This is not a secure way to communicate. There are many things that can go wrong.
Like mentioned before, if you can, just use a TLS connection. You should be able to use the same certificate you use for your HTTPS server. So just get a websocket server that supports TLS and you're done. However, I want to focus on your question about using AES, and go through some basic attacks.
Taking a look at the websocket handshake, we see that some data is always the same (like "HTTP/1.1 101 Switching Protocols"):
This allows for known plaintext attacks. For example, an attacker knows that that specific plaintext is converted to the observed ciphertext. Also, you're schema doesn't seem to protect against replay attacks, where I re-send some observed packet.
AES is a block cipher that converts a plaintext block of data to a ciphertext block of the same length. There are multiple ways to send a bunch of blocks over the line. See:
The most simple is ECB. Here you just send block after block. This means that any block that contains the same plaintext will contain the same ciphertext. So if I know the plaintext for some ciphertext block, and I see the same ciphertext somewhere else, I know that it contains the same plaintext. Also, with ECB, an attacker can also just exchange one block for another, which will exchange the plaintext blocks after decryption.
A more common use of block chaining is CBC. This will chain blocks together with an IV, such that no two plaintext blocks (or bunch of blocks) will turn into the same ciphertext blocks. However, this is also full of danger. If you look closely at the decryption schema for CBC, you can see that xor'ing a byte in a ciphertext block will result in an xor of the same value for the plaintext one block after that. There are all types of bitflipping attacks and things you can do.

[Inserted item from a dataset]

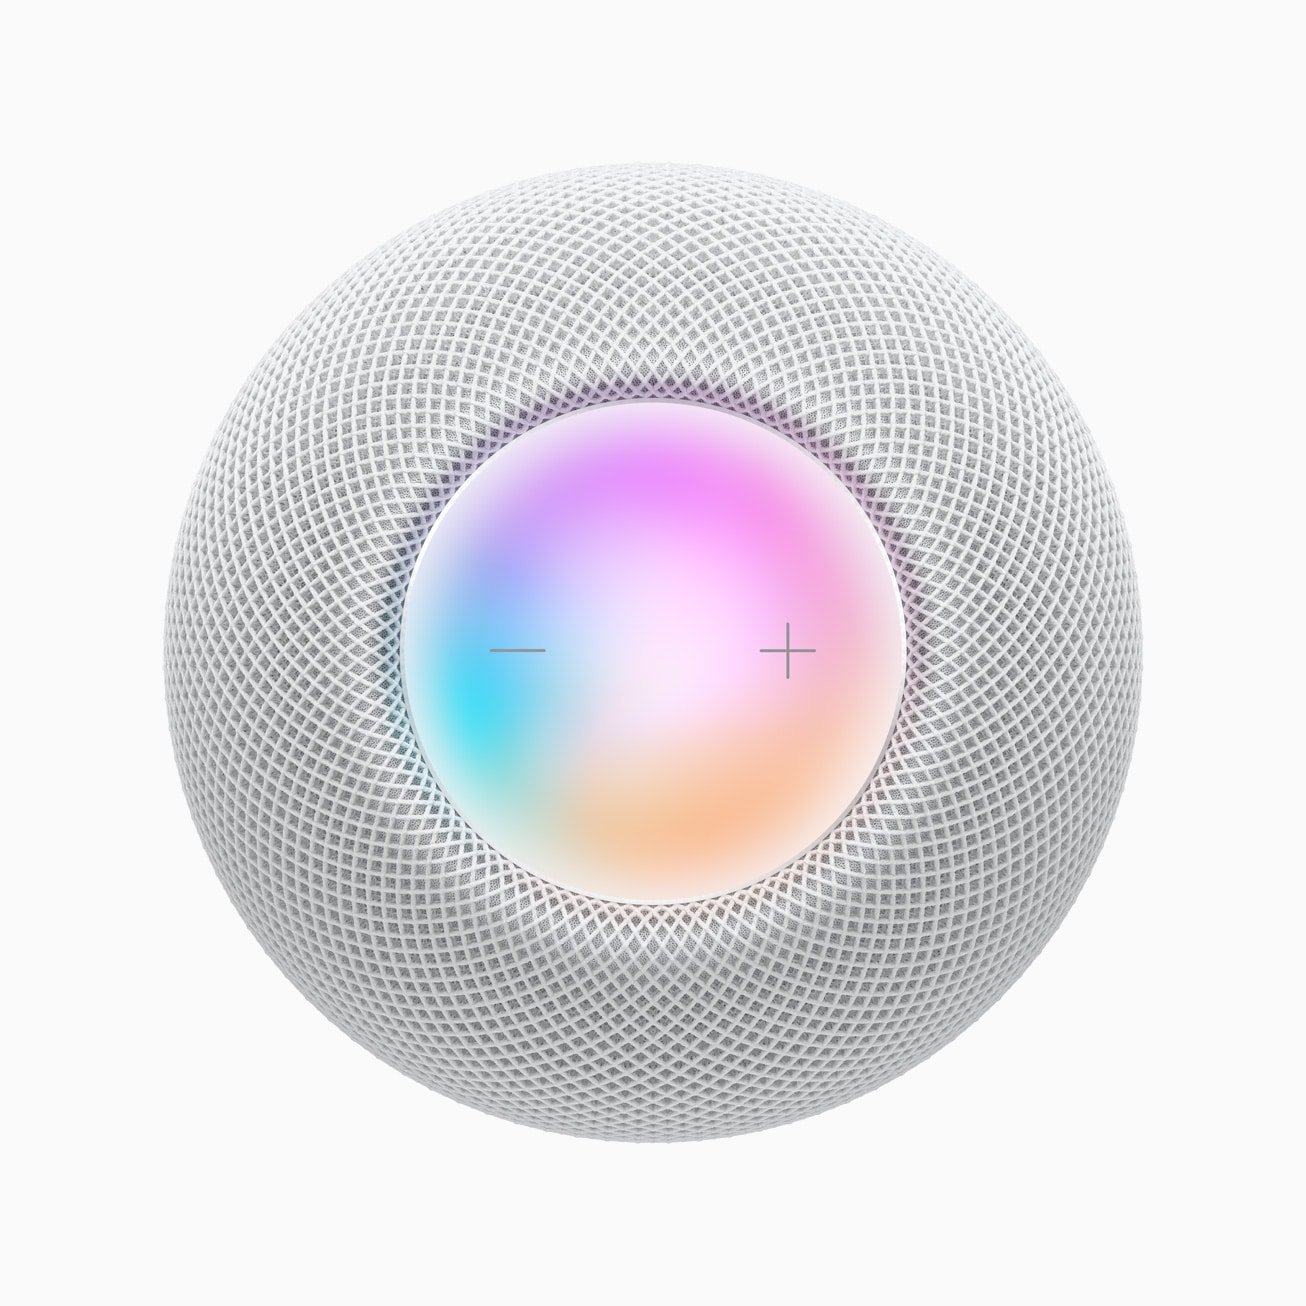 Apple contrata un nuevo software HomePod para impulsar sus esfuerzos de altavoces inteligentes

Also, if the server responds differently when AES padding is correct or not, parts of the plaintext can be recovered with a padding oracle attack.
The above attacks work because I don't see anything about integrity checking (with an HMAC for example) that doesn't prevent an attacker from tampering with the ciphertext.
These are just some examples of things that can go wrong. Also check out timing attacks if you want to get into it and are looking for some cool reads. Please don't implement your own crypto.
And aside from getting the password on the device like Mike mentioned, I see great trouble in letting users chose a password for encrypting data. Without some key expansion algorithm, I might just brute force the password for some ciphertext.